REINVENT YOUR FUTURE

Principles of Policy-based governance

By Jim LaDoux
Policy-based governance focuses on the differentiated roles of the board and the staff, and how they work together in a seamless fashion. Disfunctions between board and staff usually originate from lack of clarity of the individual and collective roles of the board and staff, and how one or both parties might under function or over function. Listed below are 10 board governance principles that can help board members remain in their lane and exercise effective and appropriate leadership.

1 | Trust in Trusteeship.
The board of a nonprofit or public organization represents the ownership of the organization. It governs on behalf of all the affected persons who are not seated at the board table. It must therefore establish, maintain, clarify, and protect its relationship with the organization's “owners.”

2 | The board speaks with one voice or not at all.
When boards make authoritative decisions, they must have a single voice on any given issue. The power of boards of directors is not as individuals, but as a group; a corporate entity entrusted by the owners with the authority to govern and lead the organization. Diversity of viewpoints from board members must be respected and encouraged. Rarely will votes be unanimous, however, those trustees who lose a vote must accept that the board has spoken and that its decision must be implemented as decided.

3 | Board decisions are typically policy decisions.
Board policies should be the expression of a board’s soul. They should embody the board’s beliefs, commitments, values, and vision. The board must address the largest or broadest values in four categories:
  • Ends. The board defines which customer results are to be achieved, for whom, and at what cost.
  • Executive limitations. The board sets boundaries of acceptability within which methods and activities can responsibly be left to staff. These limiting policies apply to staff means rather than to ends.
  • Board-staff linkage. The board clarifies how and when it delegates authority to staff, as well as how it evaluates staff performance on achievement of the ends and executive limitations policies.
  • Governance process. The board determines its philosophy, accountability, and the specifics of its own job.

4 | Boards should set policy by determining the broadest values before progressing to
more narrow ones. 
The board may grant the CEO authority to make all further choices, as long as they are “within” the board’s ends and executive limitations policies.

5 | Boards define and delegate, rather than react and ratify. 
This avoids the need to approve most items.

6 | Ends-determination is the pivotal duty of governance.
The justification for any organization lies in what difference it can make. A nonprofit exists so that the world in which it operates can be a better place.

7 | The board’s best control over staff means is to limit, not prescribe.
The board should delegate clearly and powerfully, so that it may focus on the large issues of ends. The board sets limitations rather than micromanaging.

8 | A board explicitly designs its own products and process through the use of policies.
The Board's policies describe how the board will conduct itself, perform its own job, and evaluate its own performance.
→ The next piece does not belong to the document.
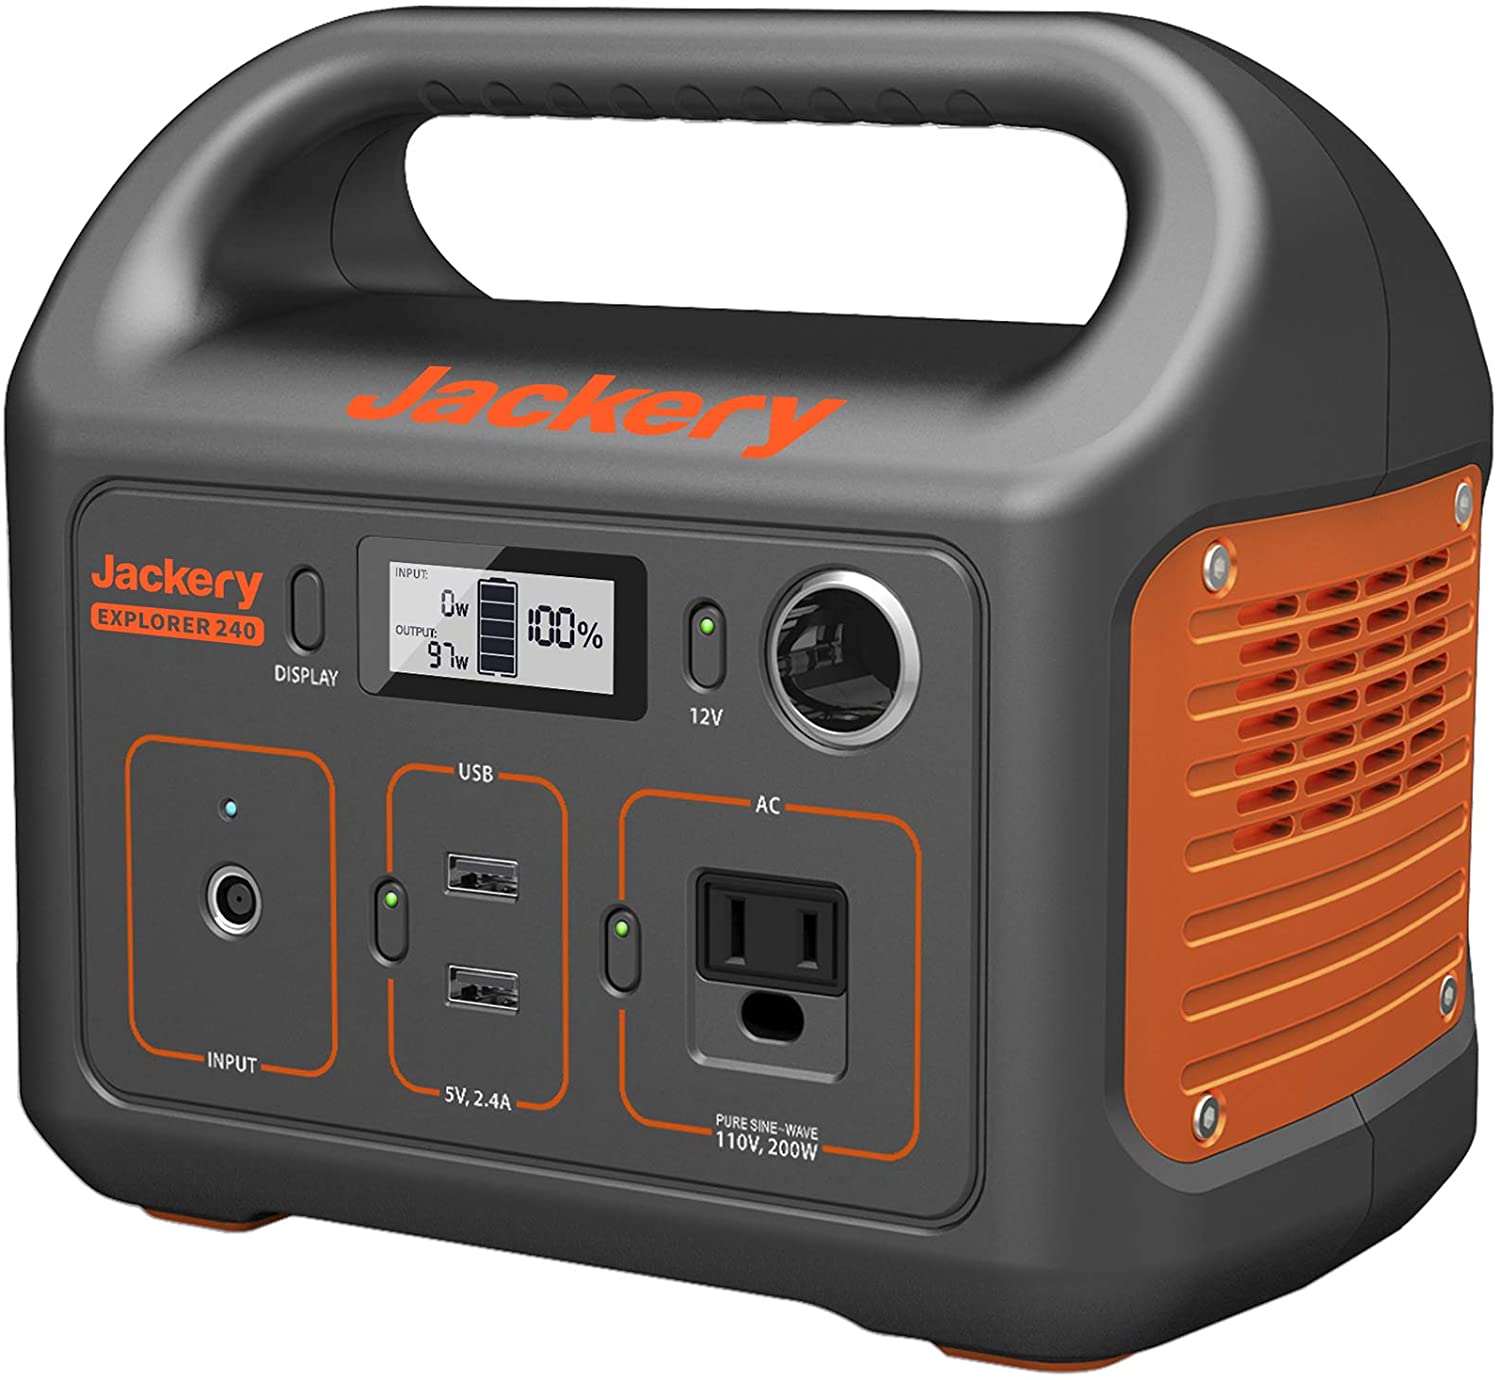 Jackery Amazon Prime Day Deals! Explorer Discounts, SolarSaga Discounts, Almost All Sizes From E160 Watts to E1000 Watts and Solar 60 Watt to S100W Many Look Like 30% Off Coupons!
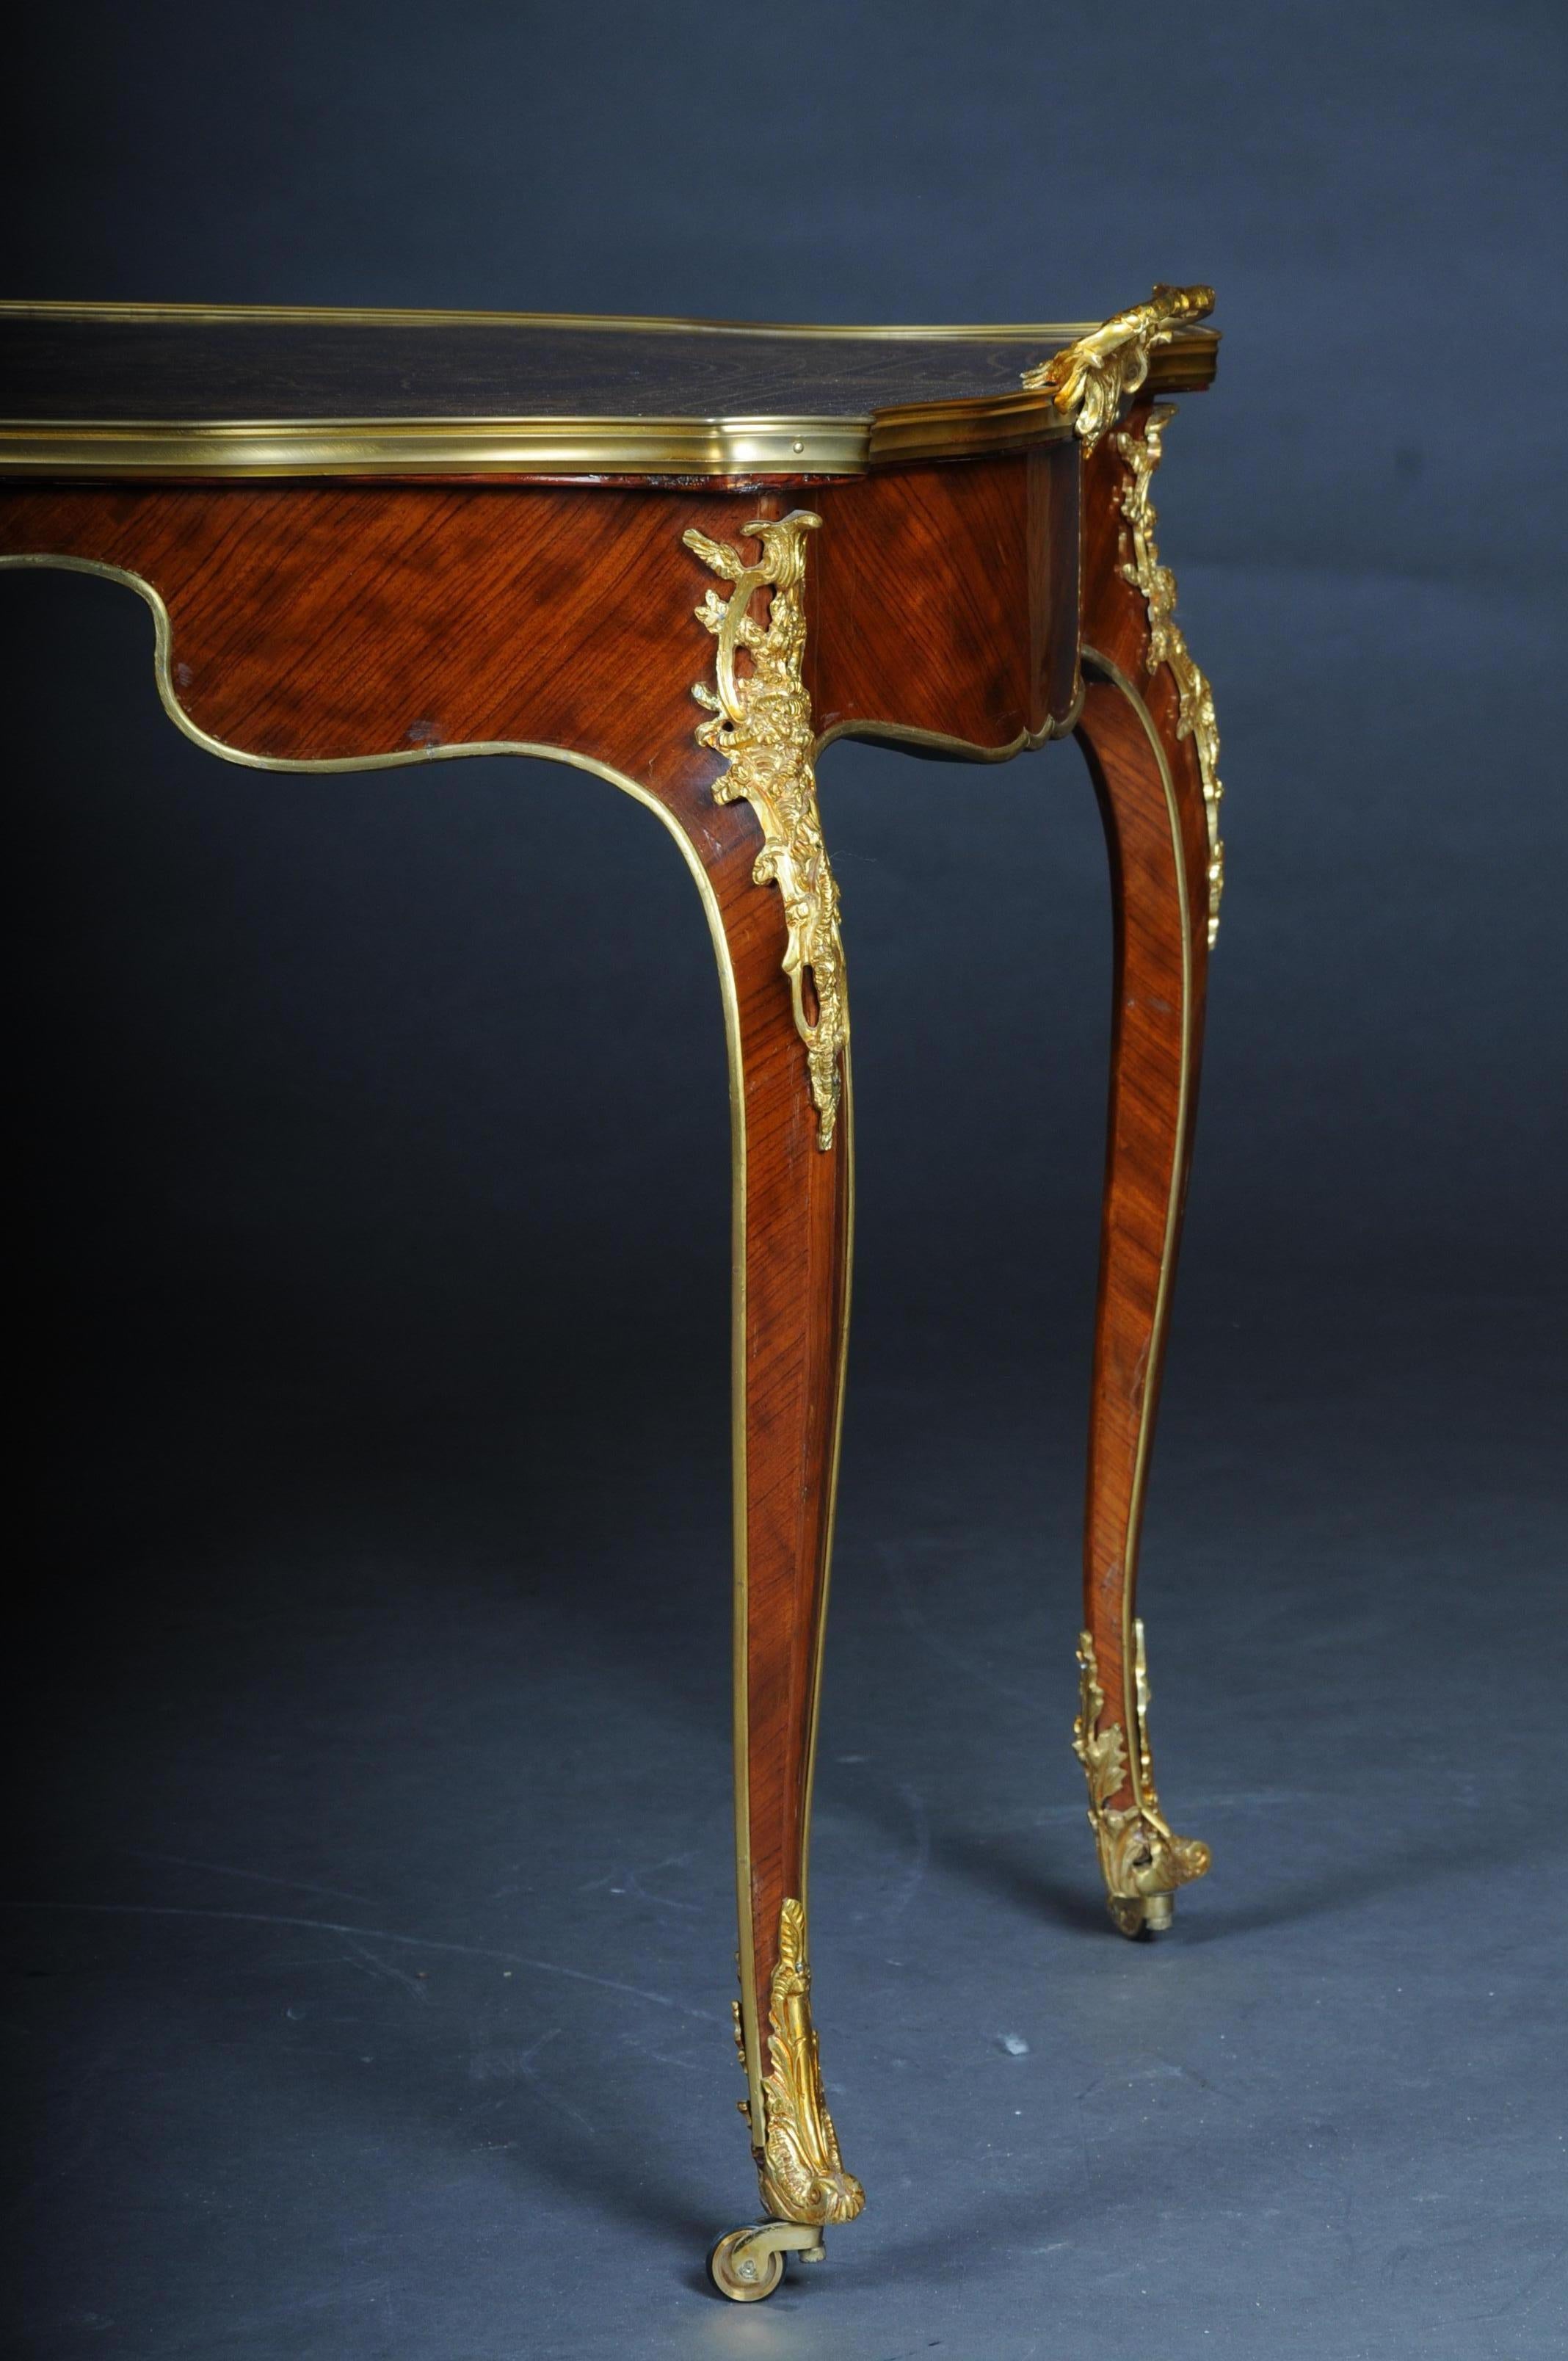 Elegant French Salon Table in Louis Quinze Style 6

9 | A board forges a linkage with management that is both empowering and safe.
The single most important relationship within the church is between the board chair and the lead pastor, superseding other staff relationships.

10 |Performance of the head of staff must be monitored rigorously, but only against ends and means.
Monitoring is important but the board's role is to pay attention to the big picture, their fiduciary responsibilities, and to avoid becoming enmeshed in the work of the staff.

QUESTIONS | APPLICATIONS

  1. What governing principles are adhered to in your organization related to Board responsibilities?
  2. How are board members informed of their specific roles, and equipped to honor them?
  3. Where do you see tensions occur between board and staff? How could better guidelines improve their joint efforts?